At the top boundary a Neumann boundary condition is generally used: (e(nz+1) = e(nz)).
|
bc_lr
|
C*20
|
'cyclic'
|
Boundary condition along x (for all quantities).
By default, a cyclic boundary condition is used along x.
bc_lr may also be assigned the values 'dirichlet/radiation' (inflow from left, outflow to the right) or 'radiation/dirichlet' (inflow from right, outflow to the left). This requires the multi-grid method to be used for solving the Poisson equation for perturbation pressure (see psolver) and it also requires cyclic boundary conditions along y (see bc_ns).
In case of these non-cyclic lateral boundaries, a Dirichlet condition is used at the inflow for all quantities (initial vertical profiles - see initializing_actions - are fixed during the run) except u, to which a Neumann (zero gradient) condition is applied. At the outflow, a radiation condition is used for all velocity components, while a Neumann (zero gradient) condition is used for the scalars. For perturbation pressure Neumann (zero gradient) conditions are assumed both at the inflow and at the outflow.
When using non-cyclic lateral boundaries, a filter is applied to the velocity field in the vicinity of the outflow in order to suppress any reflections of outgoing disturbances (see km_damp_max and outflow_damping_width).
In order to maintain a turbulent state of the flow, it may be neccessary to continuously impose perturbations on the horizontal velocity field in the vicinity of the inflow throughout the whole run. This can be switched on using create_disturbances. The horizontal range to which these perturbations are applied is controlled by the parameters inflow_disturbance_begin and inflow_disturbance_end. The vertical range and the perturbation amplitude are given by disturbance_level_b, disturbance_level_t, and disturbance_amplitude. The time interval at which perturbations are to be imposed is set by dt_disturb.
In case of non-cyclic horizontal boundaries call_psolver_at_all_substeps = .T. should be used.
Note:
Using non-cyclic lateral boundaries requires very sensitive adjustments of the inflow (vertical profiles) and the bottom boundary conditions, e.g. a surface heating should not be applied near the inflow boundary because this may significantly disturb the inflow. Please check the model results very carefully.
|
bc_ns
|
C*20
|
'cyclic'
|
Boundary condition along y (for all quantities).
By default, a cyclic boundary condition is used along y.

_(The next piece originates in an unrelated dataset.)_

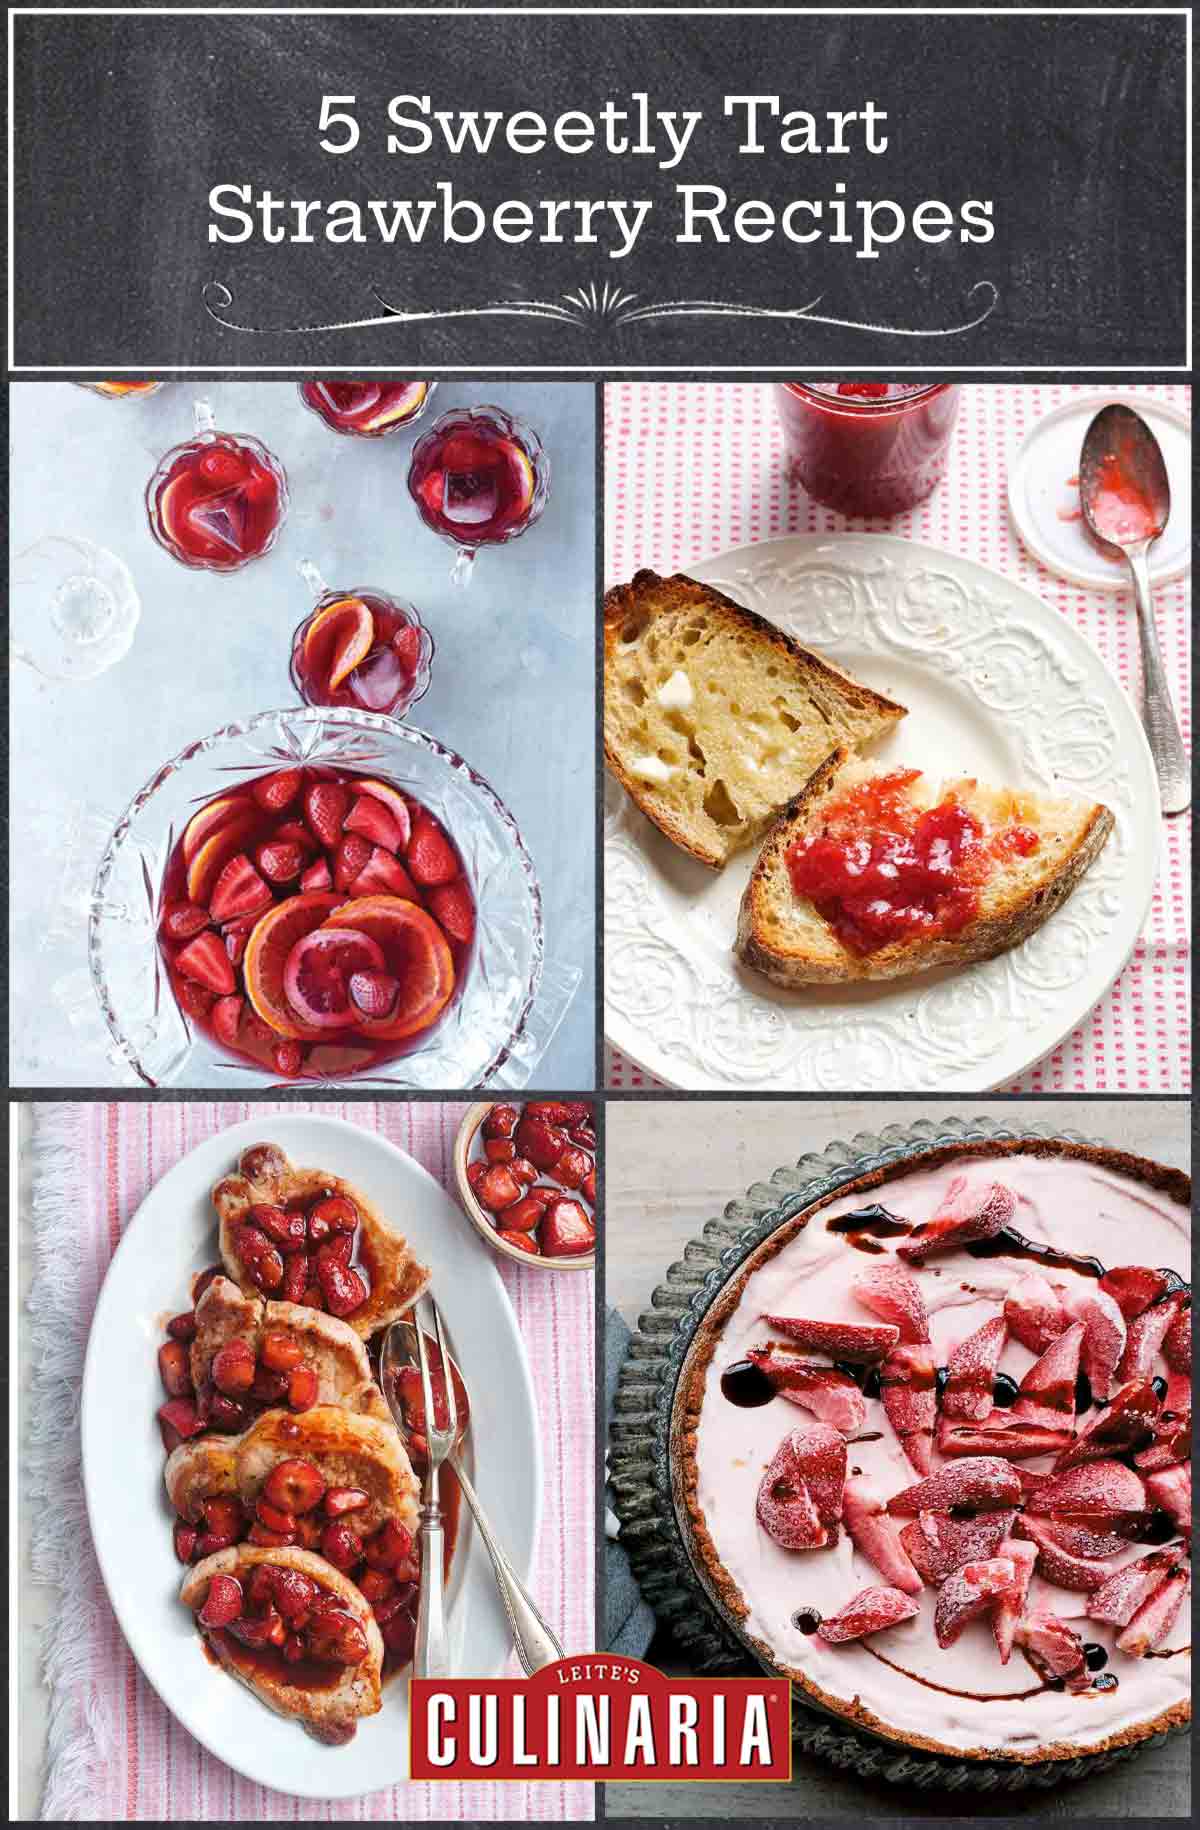 A grid of images of strawberry sangria, strawberry jam on toast, pork chops with strawberry sauce, and strawberry ice cream pie.

bc_ns may also be assigned the values 'dirichlet/radiation' (inflow from rear ("north"), outflow to the front ("south")) or 'radiation/dirichlet' (inflow from front ("south"), outflow to the rear ("north")). This requires the multi-grid method to be used for solving the Poisson equation for perturbation pressure (see psolver) and it also requires cyclic boundary conditions along x (see
bc_lr).
In case of these non-cyclic lateral boundaries, a Dirichlet condition is used at the inflow for all quantities (initial vertical profiles - see initializing_actions - are fixed during the run) except u, to which a Neumann (zero gradient) condition is applied. At the outflow, a radiation condition is used for all velocity components, while a Neumann (zero gradient) condition is used for the scalars. For perturbation pressure Neumann (zero gradient) conditions are assumed both at the inflow and at the outflow.

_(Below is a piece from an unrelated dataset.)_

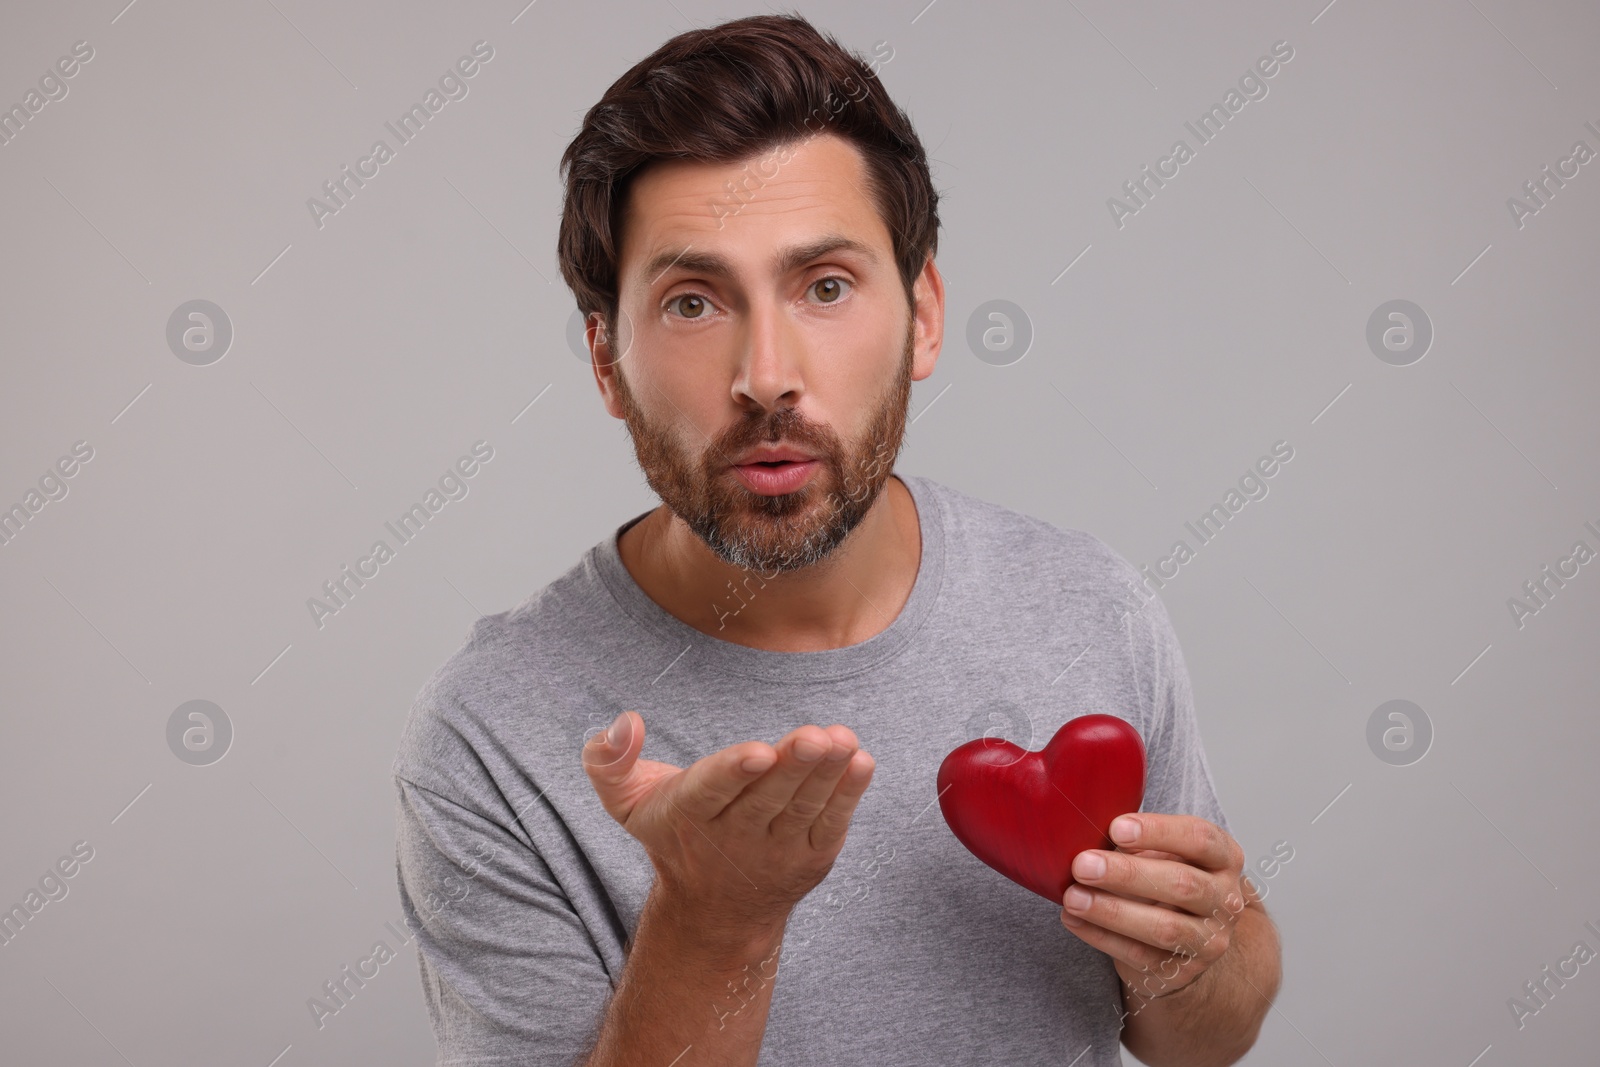 Photo of Man holding red heart and blowing kiss on grey background

For further details regarding non-cyclic lateral boundary conditions see bc_lr.
|
bc_p_b
|
C*20
|
'neumann'
|
Bottom boundary condition of the perturbation pressure.
Allowed values are 'dirichlet' , 'neumann' and 'neumann+inhomo' . 'dirichlet' sets p(k=0)=0.0, 'neumann' sets p(k=0)=p(k=1). 'neumann+inhomo' corresponds to an extended Neumann boundary condition where heat flux or temperature inhomogeneities near the surface (pt(k=1)) are additionally regarded (see Shen and LeClerc? (1995, Q.J.R. Meteorol. Soc., 1209)). This condition is only permitted with the Prandtl-layer switched on (prandtl_layer), otherwise the run is terminated.
Since at the bottom boundary of the model the vertical velocity disappears (w(k=0) = 0.0), the consistent Neumann condition ( 'neumann' or 'neumann+inhomo' ) dp/dz = 0 should be used, which leaves the vertical component w unchanged when the pressure solver is applied. Simultaneous use of the Neumann boundary conditions both at the bottom and at the top boundary (bc_p_t) usually yields no consistent solution for the perturbation pressure and should be avoided.
|
bc_p_t
|
C*20
|
'dirichlet'
|
Top boundary condition of the perturbation pressure.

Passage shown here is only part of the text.